For those living in a per-core, or per server licensing model with expensive software, Intel Xeon Scalable has a great platform. If you want four sockets, Intel is currently the way to go. If you need the highest clock speeds or the highest per-core performance, Intel is the way to go. If you live in a per-socket licensing model or use mostly open source software, AMD has a compelling platform. AMD EPYC performance is very good. Getting maximum performance from AMD EPYC does require managing NUMA nodes. If you do not, there can be a performance penalty to pay. Dual port FMA AVX-512 is a killer for some applications on the Intel side.
We maintain that Intel does not have a huge performance problem as some commentators would lead you to believe. What Intel does need is to re-align its artificial limitations and pricing it has put in its product portfolio. Generally, Intel’s numbers align with what we have been seeing on equivalent workloads. AMD will show workloads that they are better in. Overall, this is an exciting time in the industry.
Very nice writeup.
Is there an Intel slide explaining which kernel, glibc and compiler versions they used for their testing? Because, as you stated in the conclusion, managing NUMA nodes is critical not only for performance, but for consistency of results as well. AMD being a more complex numa topology shows any inefficiencies in numa management much faster, which Intel is more than happy to point out with their “performance variations” slide.
Once kernels and compilers adopt all the necessary tweaks, this picture will change slightly. I wonder how these numbers will look one, two and three years from now.
Since I’m living in a a memory bound world of engineering HPC codes, at least the answer to “which is better for me” is clear 🙂
It’s a good think that most who need GROMACS don’t use these benchmarks for buying hardware, they buy NVidia.

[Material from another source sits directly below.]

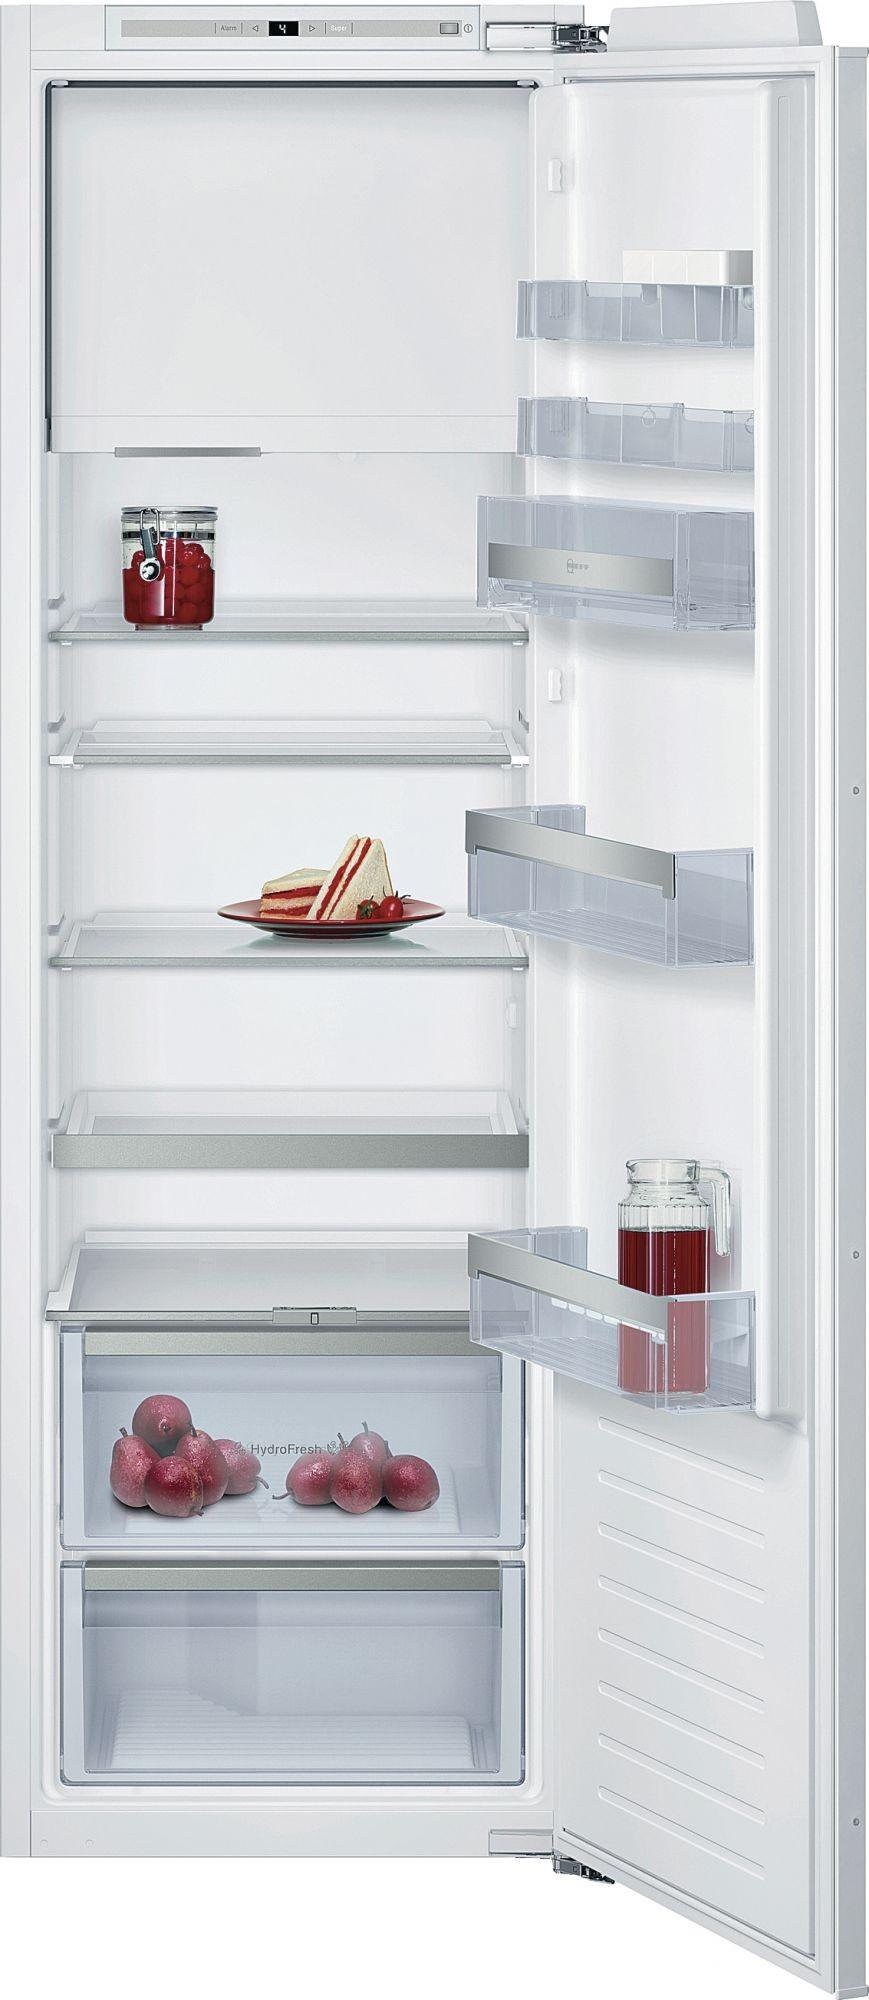 TeamSix - Einbau-Kühlschränke

Hi Jure, they have many slides on this. In fact, more slides on configuration details than slides in the main presentation. The 3rd party / SPEC numbers all have the details down to BIOS tweaks published.
Most were using Linux Kernel 4.10 and you are right that the picture changes a bit for both platforms using a newer Kernel. At the same time, generating this much data takes so long that you do have to put a stake in the ground. If folks are interested, happy to do a follow-up post with those slides or put them in the forums.
Thank you for your critical, performance analysis of the Gold 6148 and Gold 6138 for dual and single configurations relative to various EPYC versions for dual and single configurations, since there is so little that is published, out in the open, which can be interpreted as being close face value.
“first run into the roadblock of P2P not working on AMD EPYC”: Is this to be interpreted as ‘not working now but can be fixed in firmware’ or broken period? IIRC, AMD had demo’d their own GPUs in P2P and had claimed some P2P bandwidth numbers in their Hotchips talk, hence the question.
If you plug NVIDIA GPUs (e.g. the ones the vast majority of deep learning / AI folks use) into two PCIe slots of AMD EPYC systems you have different PCIe roots. As a result, P2P does not work. Vendors could get around this by using a PCIe switch, negating the advantage of having more PCIe lanes with EPYC.